■ WHAT THE TASK REQUIRES
All lines from the one with "Measurements: Size: 6 - 52, Width: 3.5 mm" onward, through the last line of the records below, are to be retyped word for word.

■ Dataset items
□ □ □ □

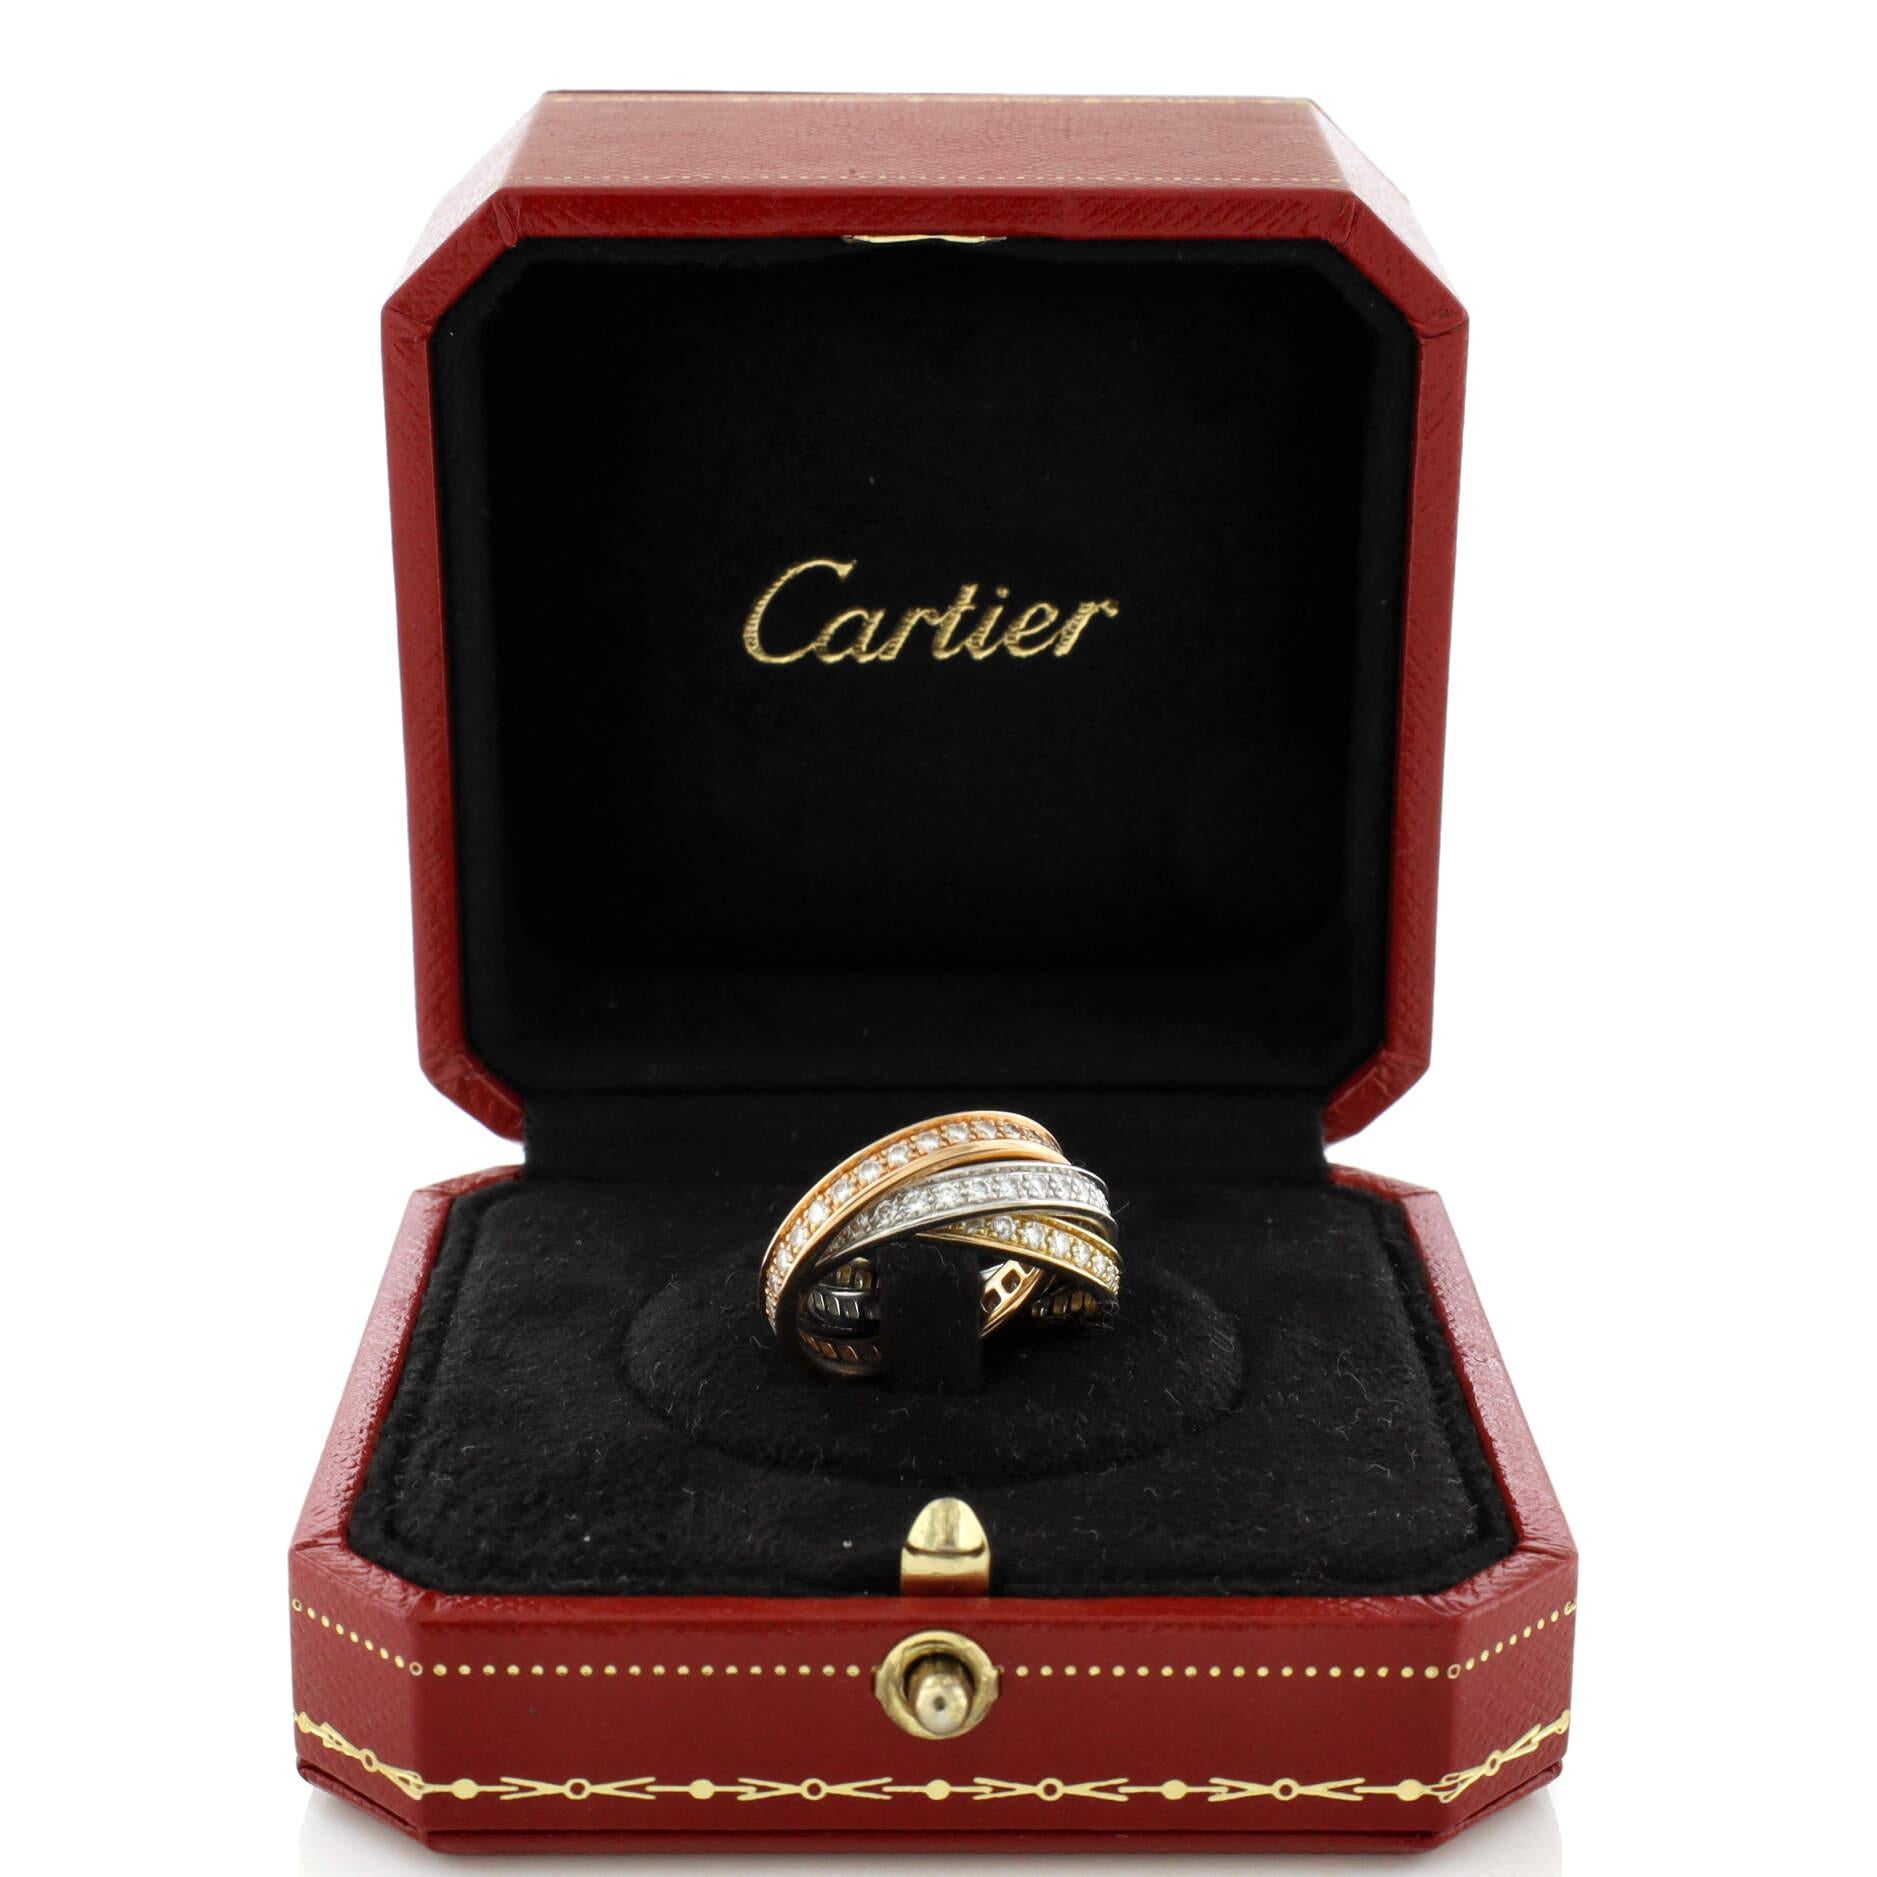 Condition: Very good. Moderate wear throughout.
Accessories: No Accessories
Measurements: Size: 6 - 52, Width: 3.5 mm
Designer: Cartier
Model: Trinity Ring 18K Tricolor Gold with Diamonds
Exterior Color: Tricolor Gold
Item Number: 221254/7

□ □ □ □

■ ANSWER TO THE PROBLEM
Measurements: Size: 6 - 52, Width: 3.5 mm
Designer: Cartier
Model: Trinity Ring 18K Tricolor Gold with Diamonds
Exterior Color: Tricolor Gold
Item Number: 221254/7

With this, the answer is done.